In most cases it is not preferable to collect PII. However, it can collect for organisational purposes such as healthcare, financial transactions or even sometimes for protection. Apart from this, PII is also needed when there is a series of research ongoing, and all the research need the same respondent. However, it is essential to ensure that PII is collected and stored securely and that individuals know how their information is being used and protected. In many cases, individuals may be required to provide their consent before their PII is collected or used.
Q1. There are errors in in the dataset. Please identify at least four errors by highlighting them in yellow in the excel sheets.

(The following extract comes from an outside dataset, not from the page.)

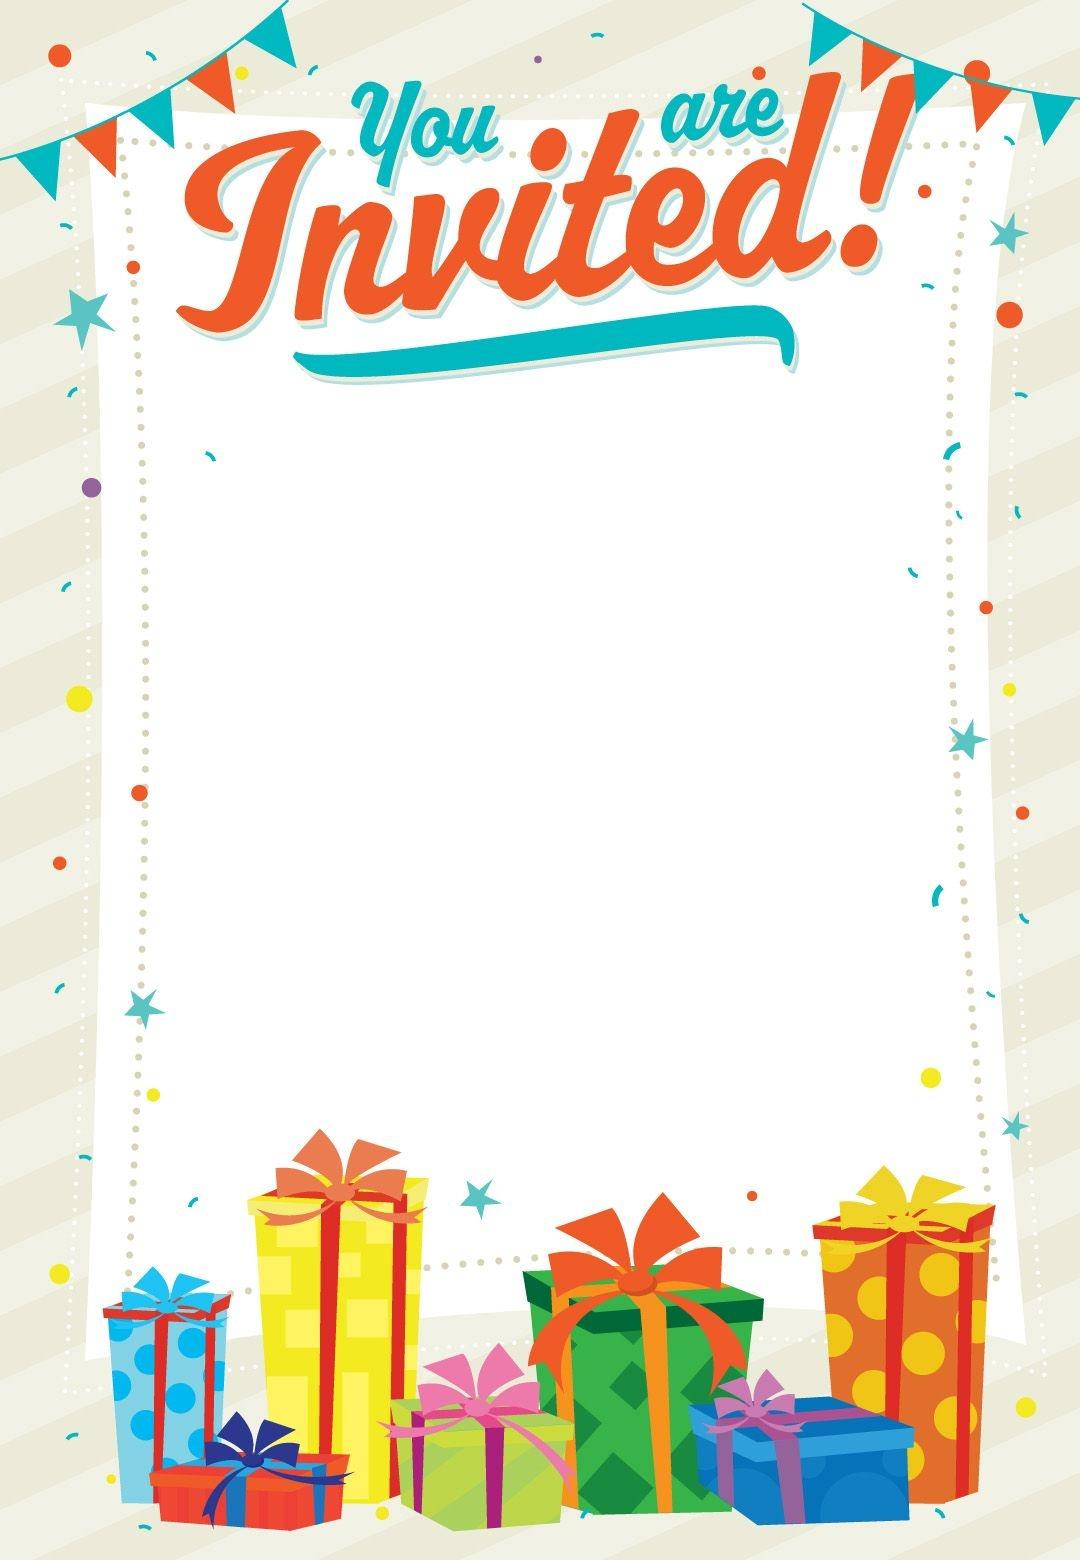 Free Printable You Are Invited Invitation   Printables & Fonts - Free Printable Birthday Invitation Cards Templates

In the cleaning log tab, report the cell IDs, variable name and a small explanation on why do you think this value can be an error in the comment column.
Step 1: Reading the dataset
library(tidyverse)
library(illuminate)
library(srvyr)
df <- read.csv("03_questions/Data Analysis Officer test (150 min)/Annex 1 - REACH Assessment Test Database_DataAnalyst_v2.csv")
df <- df |> fix_data_type() ## fix the data type for each column
Step 2: Check for duplicate
cleaning_log <- list() ## Creating list object
cleaning_log[["duplicated_survey"]] <- tibble(
variable = "All",
`meta/instanceID` = df$InterviewID[duplicated(df$InterviewID)],
comment = "Duplicated survey"
)
Step 3: check total member of HH
hh_cols <- c("Number.household.member.boy.under5.years.old",
"Number.household.member._girl_under5.years.old", "Number.household.member.boy_5_17.years.old",
"household_girl_5_17", "number.adult.household.members.years.old")
hh_cols2 <- paste0(hh_cols,collapse = ",")
df <- df |> mutate(
hh_size = rowSums(df[hh_cols],na.rm =T)
)
df_hh_inconsistency <- df |> filter(hh_size != Total.household.number)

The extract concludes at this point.